Chaplin, of course, made his own kind of movies and on his own terms. He made them in the old-fashioned way, insisting on seeing to every detail himself. He did not like sound — not music though — and, resisted changes in Hollywood and its film-making process. This did not affect him and his talent for making wonderfully side-splitting films. This also explains why Chaplin came to be — and, still is — idolised with unreserved directness. His scenery is a collage — not just a metaphor. It’s a cocoon of Chaplin’s expressions which one has always tried to break through to the reality outside. As a critic commented, “Chaplin’s work resembles a hall of mirrors reflecting only one image — Chaplin himself.”

Chaplin was also as well-known for his fastidious and far too demanding mind-set. No matter the length of the role, Chaplin took each actor through every minute detail. He was convinced that a successful scene was not just about the actor, but everyone on the cast. He expected all and sundry to run the extra mile — he never believed in the ordinary. He believed in the unity of things — not just the expression, or emoting the character on the screen. He also did not believe in half measures, time or budget. His whole vision was keyed to public response to his work.

Chaplin was amazingly adept at improvisation — he could just invent a new line in front of the camera with a little tweak. He was to a point, therefore, unorthodox and, most importantly, he could restructure a scene at the drop of a thought. He could change actors, likewise, midway. No one complained, because Chaplin could “walk on the stage, serious, dignified, solemn, and also pause before an easy chair… and sit on the cat.”

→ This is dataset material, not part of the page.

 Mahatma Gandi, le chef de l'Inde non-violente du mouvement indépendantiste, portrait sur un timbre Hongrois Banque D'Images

The rest is pure enchantment. Chaplin gave the tramp and his psyche a new identity, also point of reference. The way he wielded his walking stick; the pattern of his splay-footed, shuffling walk; or, the waltz which would get transformed into a hurried sprint when pursued; his shy and almost restrained smile; the mercurial swiftness with which he would dodge someone, not to speak of his ability to skate at the edge of the precipice. All these images urge us to rewind and witness every bit of Chaplin, over and over again.

Chaplin’s magic is eternal — it has audiences laughing at his antics even before one gets to know that the little fellow, with the bowler hat, baggy trousers, toothbrush moustache, and a delightfully expressive cane, was a ‘transformed’ cockney entertainer.

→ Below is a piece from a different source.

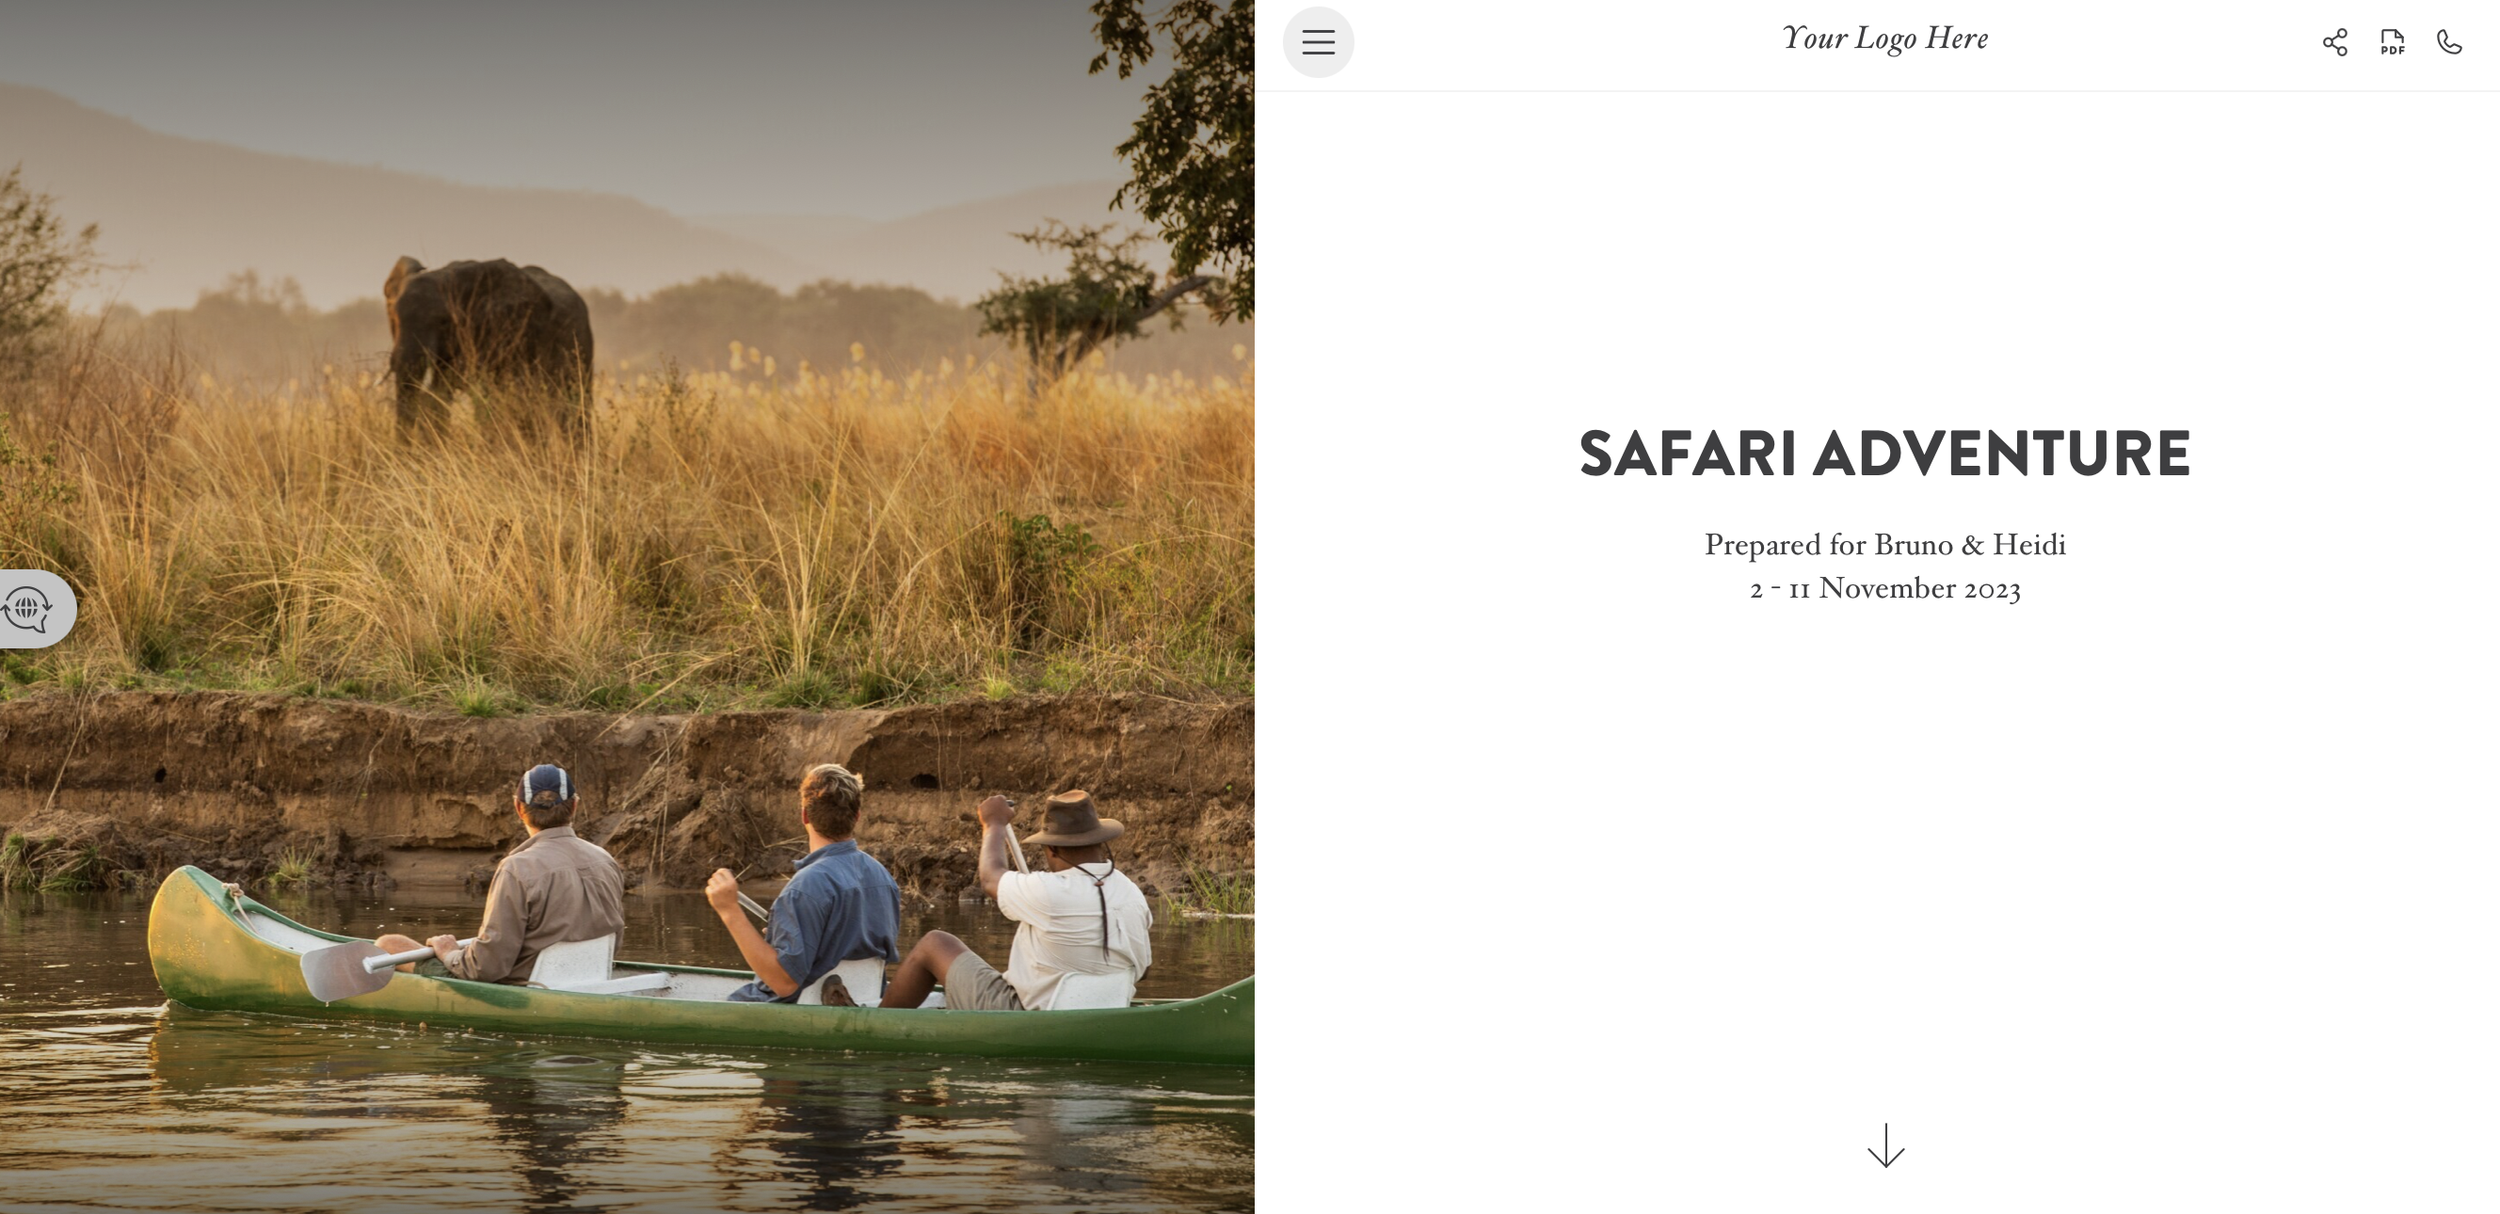 A Safari Adventure

Yet, despite all the adulation, Chaplin’s life was mixed — of triumph and trauma. He attracted as much attention for his films as for his affairs and marriages — three of which were disasters. The only happy marriage that lasted was his fourth with playwright and Nobel laureate Eugene O’Neill’s 18-year-old daughter, Oona, when Chaplin was 54. Besides this, Chaplin was in the public eye for his ‘shaky’ sympathy for communist ideals. He also once made a stormy exit from the US on ‘political grounds’ and returned to the land that had made him a celebrity, like no other, only to receive his Oscar, during which he was accorded a 12-minute standing ovation.

All the same, whether he was at home, or on the sets, Chaplin orchestrated the show. Acting, for him, was all sublime artistry and reels of celluloid captured its essence and more. What was also incredible about Chaplin’s consummate excellence was his own sense of beliefs and the great success he achieved with his extraordinary proclivity.

Chaplin remains a class act — what with his everlasting mosaic celebrating his imperishable, ever-lasting pre-eminence as Comedy’s First Knight, for yesterday, today, and tomorrow.